Optional helpers used throughout the FastAPI docs:

pip install "pydantable[fastapi]"

For I/O-heavy service routes (Arrow buffers, Parquet/IPC helpers, streaming writers), you’ll often also want:

pip install "pydantable[io]"

  1. Run GOLDEN_PATH_FASTAPI end-to-end.
  2. Pick your payload shape:
  3. Row list: list[YourDF.RowModel] in requests + response_model=list[YourDTO] in responses.
  4. Columnar JSON: dict[str, list] shapes; see fastapi_columnar_bodies.
  5. Decide response size:
  6. Small/medium: collect() / to_dict()
  7. Large: astream() + ndjson_streaming_response (FASTAPI_ENHANCEMENTS)
  8. Lock down your error mapping: HTTP errors and exception handlers.

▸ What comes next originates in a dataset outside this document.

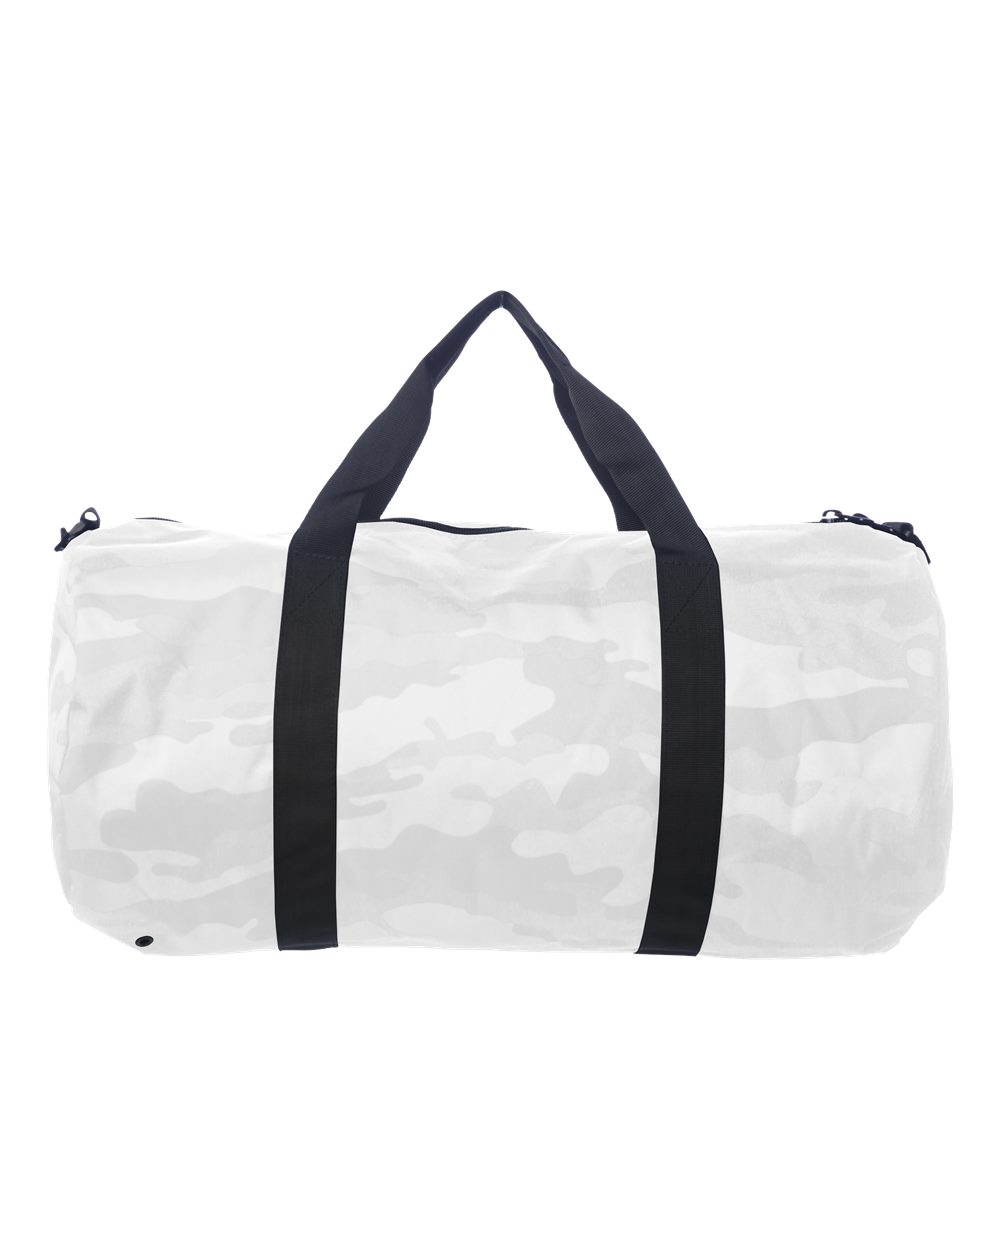 Independent Trading Co. 29L Day Tripper Duffel Bag

Optional pydantable.fastapi helpers

Install the extra:

pip install "pydantable[fastapi]"

Then import pydantable.fastapi (not required for basic FastAPI usage):

  • executor_lifespan(app, max_workers=..., thread_name_prefix=...) — async context manager that attaches a ThreadPoolExecutor to app.state.executor for acollect(executor=...) and pydantable.io helpers.
  • get_executor(request) — for Depends(get_executor), returning request.app.state.executor (or None if unset).
  • register_exception_handlers(app) — registers HTTP handlers for MissingRustExtensionError (503), ColumnLengthMismatchError (400), and in-handler pydantic.ValidationError (422); see HTTP errors and exception handlers.
  • ingest_error_response(failures, status_code=..., title=...) — build a structured JSON payload for batch ingest failures (typically produced by ignore_errors=True + on_validation_errors=...). This is meant for in-handler validation failures, not request parsing errors (which remain FastAPI’s 422).
  • ndjson_streaming_response(astream_iter) / ndjson_chunk_bytes(astream_iter) — build application/x-ndjson StreamingResponse from await df.astream(...) without duplicating JSON line encoding; see FASTAPI_ENHANCEMENTS.
  • columnar_body_model, columnar_body_model_from_dataframe_model — build a Pydantic model whose fields are list[T] per column (OpenAPI-friendly dict[str, list]). Optional example= / json_schema_extra= for Swagger examples.
  • columnar_dependency(model_cls, ...), rows_dependency(model_cls, ...)Depends(...) factories that validate the request body and return a DataFrameModel instance (columnar JSON or list[RowModel]), forwarding trusted_mode and related DataFrameModel kwargs. validation_profile= is also supported as a preset layer over trusted_mode / fill_missing_optional / ignore_errors. Phase 5 adds generate_examples= (OpenAPI enrichment) and input_key_mode= (alias-aware columnar ingestion).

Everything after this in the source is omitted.